The publication of a book on relationship marketing attests to the immense interest, among academics and practitioners alike, in various facets of the relationships between commercial exchange partners. Our particular interest in this topic stems from our research into the benefits that accrue to customers when they engage in long-term relationships with companies. These customer relational benefits (RBs), in our research, consist of “those benefits customers receive from long-term relationships above and beyond the core service performance” (Gwinner et al. 1998: 102). For example, in an overnight delivery context, the on-time delivery of a package by a package delivery service represents the core service provision.

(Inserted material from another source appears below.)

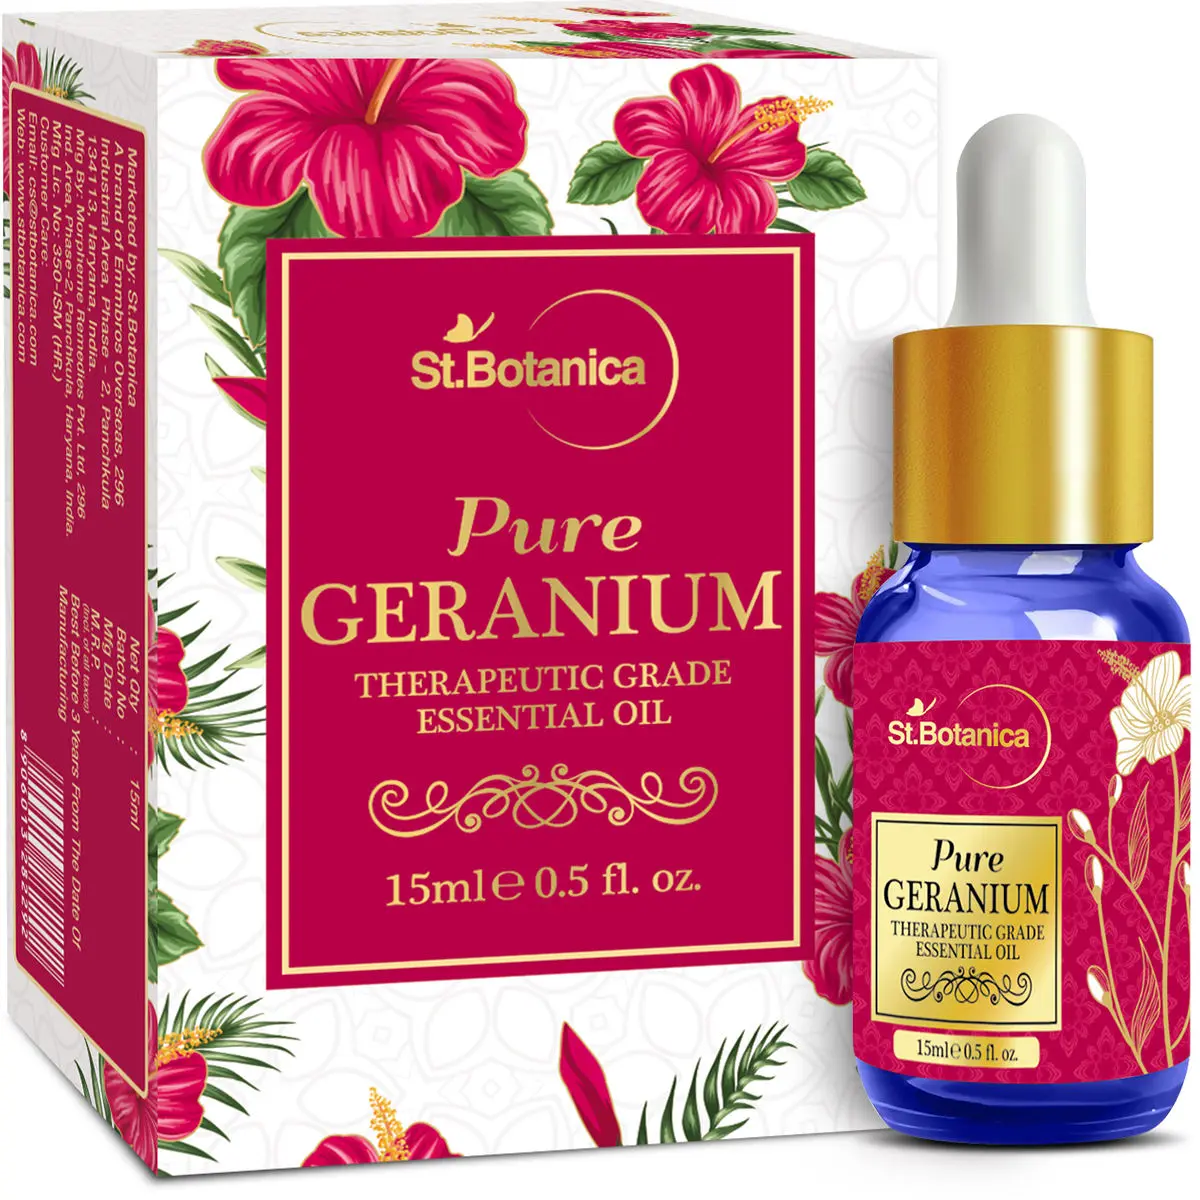 St.Botanica Pure Geranium Therapeutic Grade Essential Oil (15 ml)

Repeated usage of the firm that has resulted in many successful, on-time deliveries should lead a customer to feel confidence and reduced anxiety about the next package arriving on time; confidence and reduced anxiety represent the RB. Building on our interest in RBs, we pursue two primary goals in this chapter. First, we seek to review and categorize extant literature that explores RBs from the customer’s perspective. We also compare and contrast RBs with switching costs in the course of making the observation that these two constructs actually may describe the same phenomena. Second, on the basis of our review and observations, we offer a variety of suggestions for further academic inquiry within the RB domain. In suggesting a research agenda, we hope to spark additional exploration into this research topic that is both managerially relevant and theoretically grounded.